Thursday, February 19, 2009

Old Fashioned Work Ethic

The idea that a workplace is a workplace seems oddly old fashioned. Folks seem to crave an artificial family, emotional support. We all seek allies, that is sensible, time-honored and appropriate to a degree. But trying to find an emotional life at work is ridiculous. Because the person you want to bond with may be the person who has to write you up or fire you. Nobody seems to get it that when you go to work you leave your personal shit at the door, suit up, pate on a smile and do your best. I listen to people talking about their personal problems all day long at work when they are supposed to be working. It is downright tiring. In the same category, I am pretty well sick to death of listening to people complain about their jobs. I don't love my job some days, but I am pretty darn grateful to have it. Especially in these times when there are literally millions out of work. I am constantly tempted to say "if you don't like it, find another one". But I don't. I am even more astounded that managers permit people to spew negativity and then wonder why they aren't productive. It is interesting that my emotionally sensitive son (and yes, he really is) has always had a problem with the emotional ups and downs of life. When things are difficult, he tends to just tank in his school work or other commitments. We talked about this recently, about the idea that you sometimes just have to keep going, despite life handing you lemons. You don't have to make lemonade but you have to stay on track. This is just one of those lessons you just have to learn, at least I think so. Obviously a lot of folks don't learn it since they seem to think that their employment is a god given right and not a gift. Old fashioned I guess.

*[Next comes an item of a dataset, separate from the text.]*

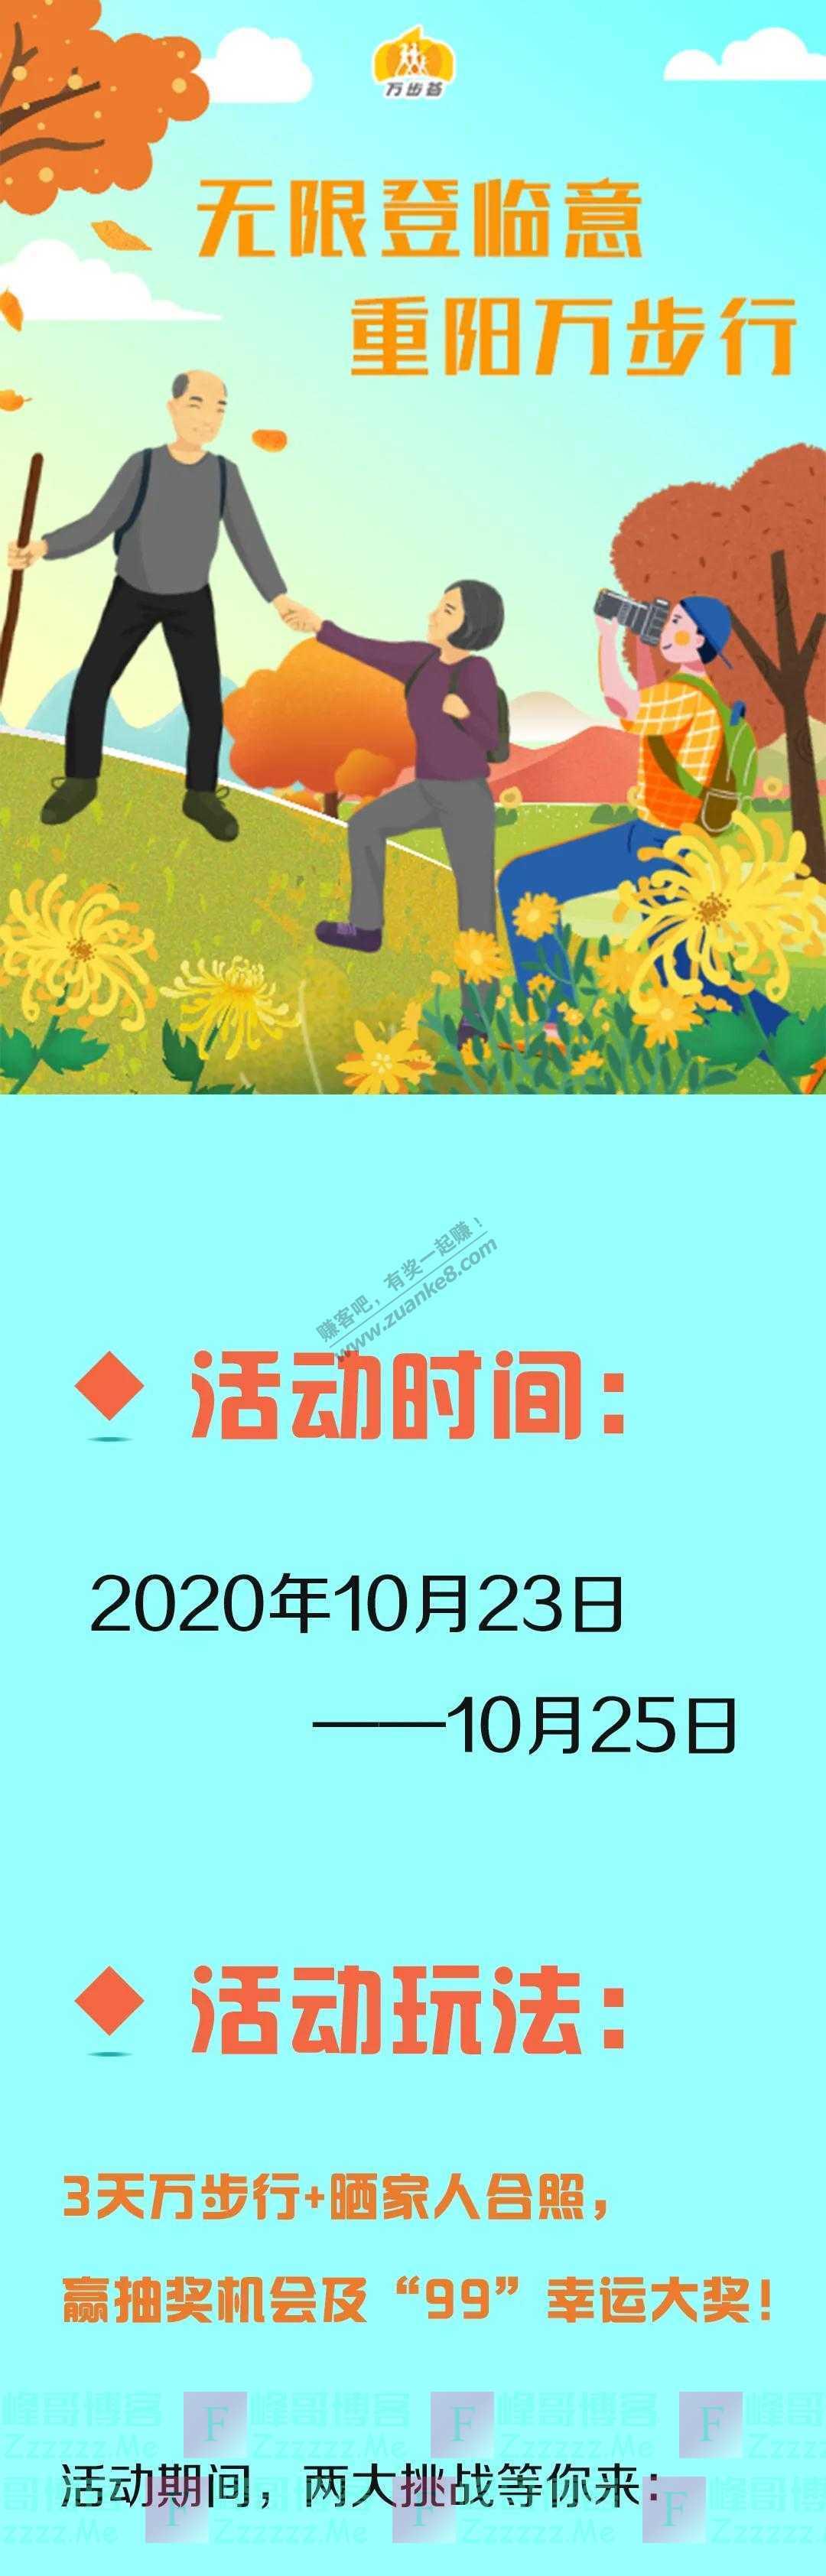 调养家预告!【万步荟】重阳万步行,晒家庭乐,赢豪礼(截止10月25日)
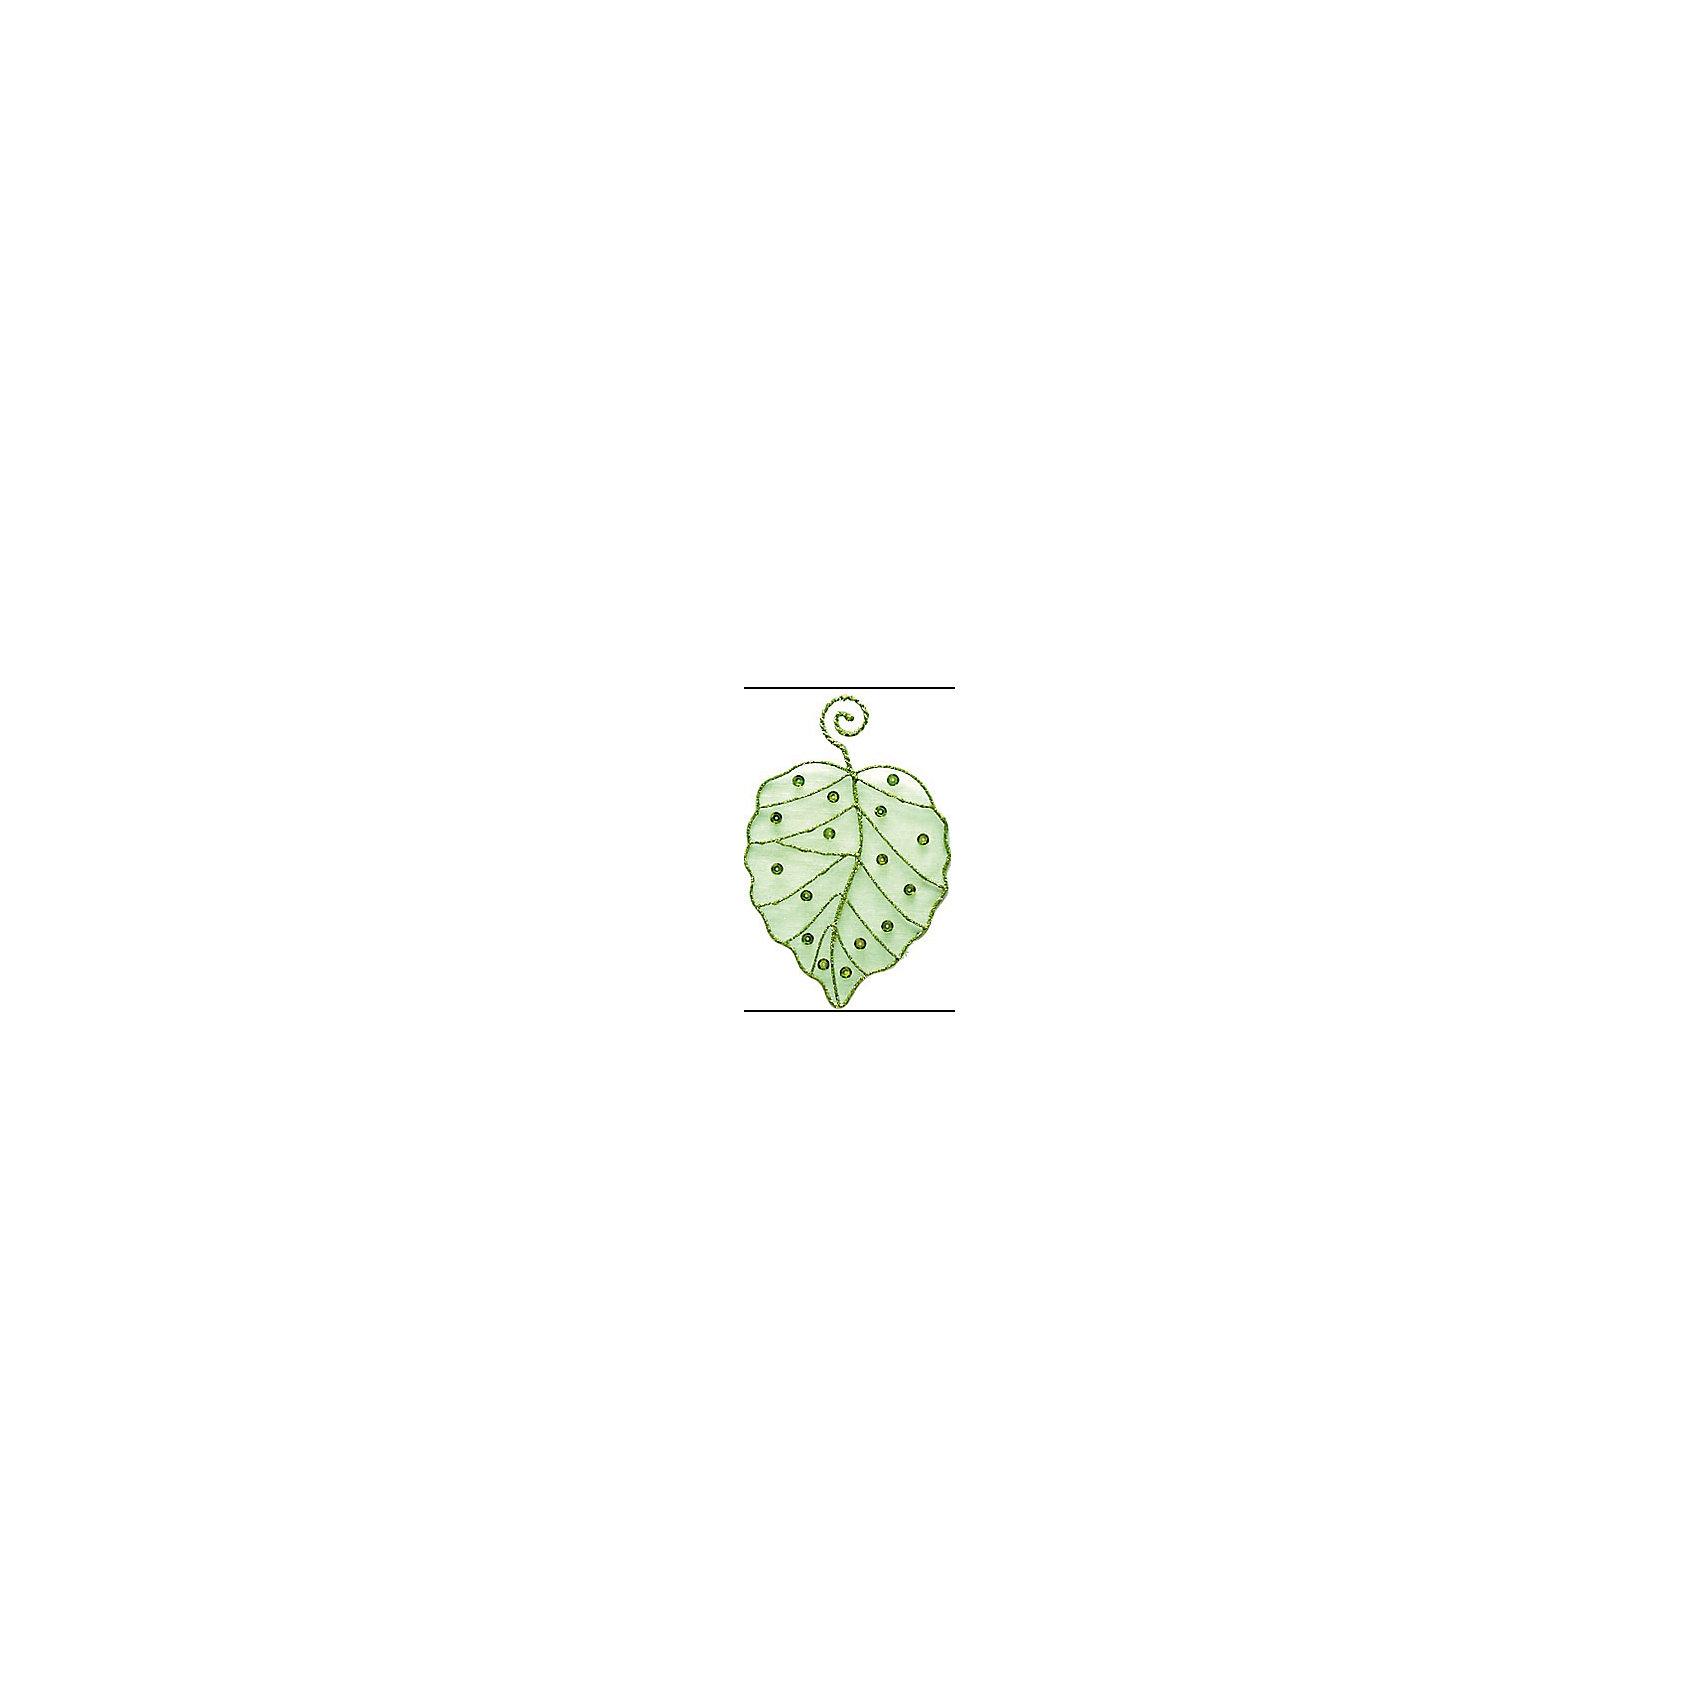 Marko Ferenzo Украшение Лист (зелёный) marko ferenzo набор желудей 3 шт grande 4 см золотой

Wednesday, February 18, 2009

In the Here and Now

Too much life, I wasn't kidding. I suppose if I was younger I would have more energy for all the various things I have to do. On the other hand I am doing them. On another hand, if I was younger my parents wouldn't be old and my son wouldn't be a teenager. So there is order in the universe, it is just too much universe. Or something. They say that the busier you are the more you accomplish. I think that is only true to some precarious breaking point where you never finish anything and forget to do hundreds of things. That must be right before you have a breakdown? Maybe my memory is just going, hard to know. Am I too busy or am I demented? What a choice. I feel as if I am living all the American headlines. Losing your home? That was almost us. We got lucky. Squeezed between kids and parents? That is us. Loss of job? Meet my long suffering spouse. The good news is that we are luckier than many; we are still in our home, I still have a job and nobody is seriously ill. Yep, that is the good news. The bad news seems to be that I am slowly losing my mind. The struggle to live in the now, to just be grateful, to find joy grows greater these days. But really, to be effective, its not supposed to be a struggle.

Sunday, February 8, 2009

Too Much Life

Good Grief, three weeks since I wrote last, too long. Very much has happened in my life and we are all still settling down. People who know me, see me and ask how I am (most know there has been much stress) and I am simply not sure. I am not sick, I am not feeling bad, I am not depressed. I am overwhelmed most of the time. At least recently. My father has moved into our home. And I think it will be ok. He has lived alone for decades and it must be a terrible time for him to accustom himself to house rules and other people's habits. It must be terrible to think that you have to be dependent or that you need to give up your home, your space, your ability to make all your own decisions. It must be hard to eat on someone else's schedule instead of going out for chinese at 10 p.m. It must be extra hard, at eighty-one, to have to learn where all the stores are, the banks, the gas stations, when you've been going to the same places for the same decades. It is hard, too, from this side of the equation, to try to incorporate a lot of someone else's things into my home. Trying to figure out where guests will sleep and having to spend a great deal of time sorting through someone else's belongings. So, it is hard all around. Suck it up I say. What an opportunity to do something good, to pay back the help he has given me. Truth be told, we haven't had a particularly "normal" father-daughter relationship; he isn't your usual sort of dad. But he loves me I know, and he has always been willing to bail me out. So it is my turn to bail him out. The answer to the question of how I am is that I am just having a little too much life at the moment. Someone asked me today why I was doing it, why I didn't send him to an assisted living facility. First, he wouldn't go, he would just have chosen to remain in his home, at risk. Second, what other answer is there than that he is my father. Isn't that enough?